The British Broadcasting Corporation, already an established radio broadcaster since the mid-1920s, began making experimental television broadcasts in 1929. Low definition (30-line) television transmissions under government license commenced in August 1936.

The BBC Television Service officially launched on 2 November 1936. This is often described as the world's first regular high definition television service, however was the second after the German Paul Nipkow broadcast. (Note: The first regular electronic television service in Germany began in Berlin on 22 March 1935, as Deutscher Fernseh Rundfunk.

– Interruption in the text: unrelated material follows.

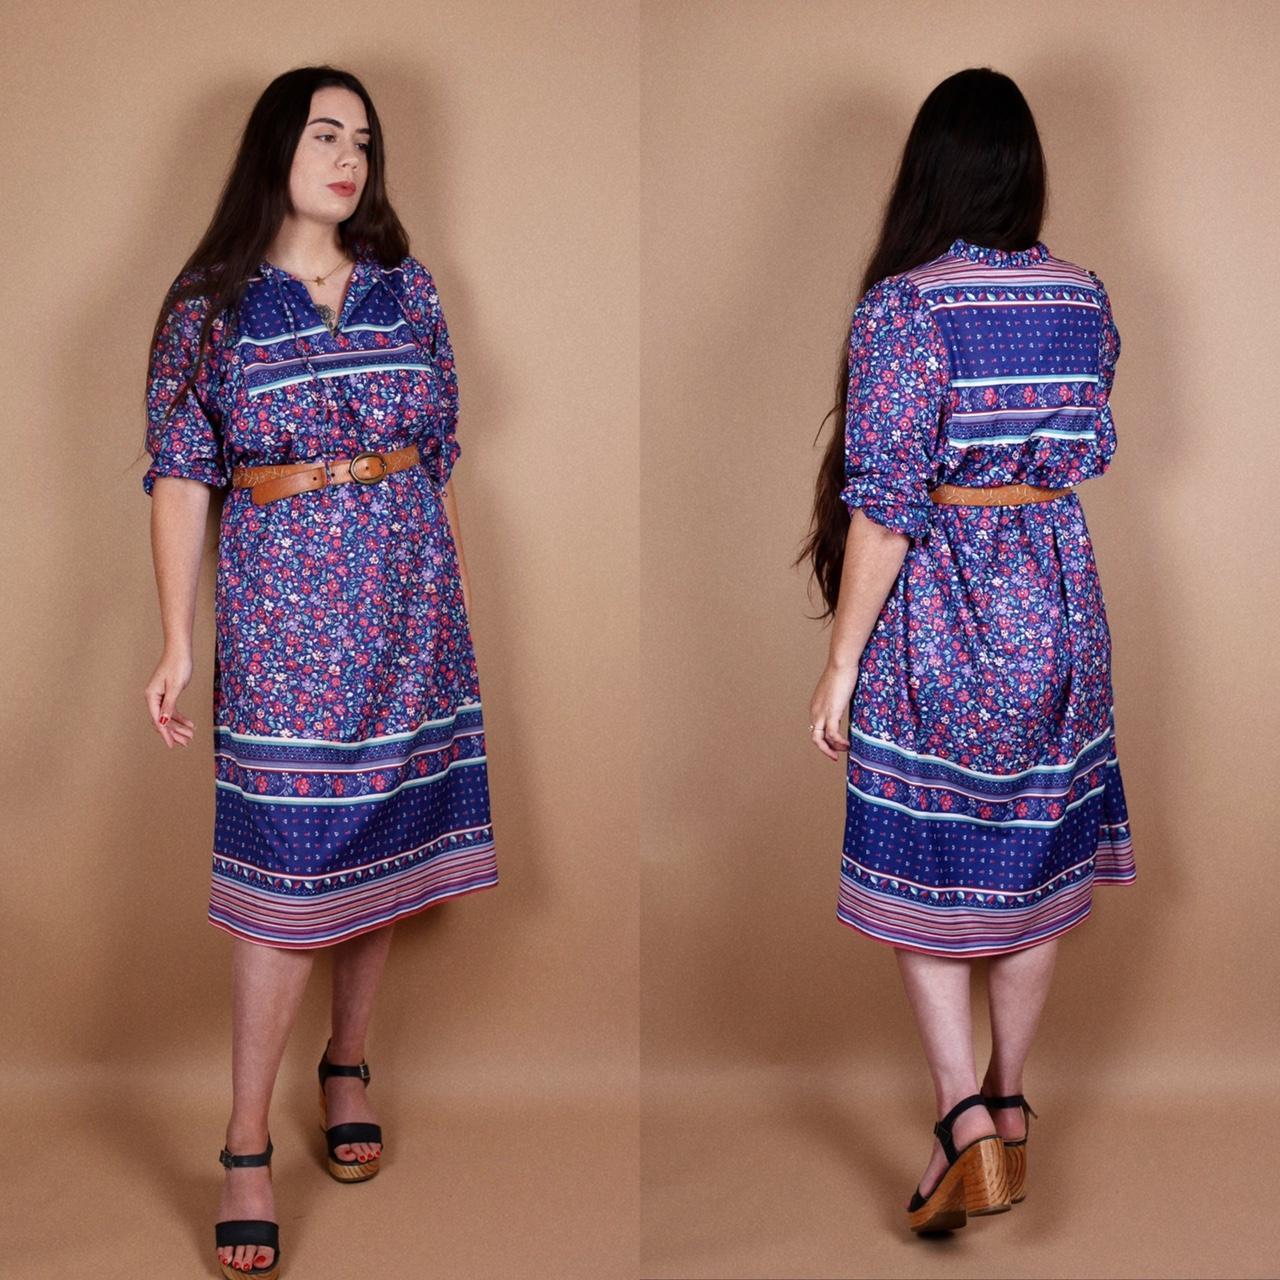 Product Image 2 - Floral Summer Peasant Dress

By: Lorac

Broadcasting from the Fernsehsender Paul Nipkow, it used a 180-line system, and was on air for 90 minutes, three times a week.) Programming included short ad-hoc performances by musicians, with the duration limited as "lookers in" (as viewers were called) were found to experience eye strain through looking at the small screens then in use.

== Line-up ==

The BBC's official publication, The Radio Times, listed the opening one-hour schedule – the first ever, on a dedicated TV channel – starting at 3 pm, as:

- 3:00 – Opening of the BBC Television Service
- 3:15 – Interval; time, weather
- 3:20 – British Movietone News
- 3:30 – Variety
- 4:00 – Close

From 9 pm to 10 pm, pre-recorded films and more news were screened. The films included Television Comes to London, a pre-made fifteen-minute documentary about the launch, shot on 35mm film. It was the BBC's first television documentary.

=== Opening ===

The first person heard and seen was the announcer, Leslie Mitchell.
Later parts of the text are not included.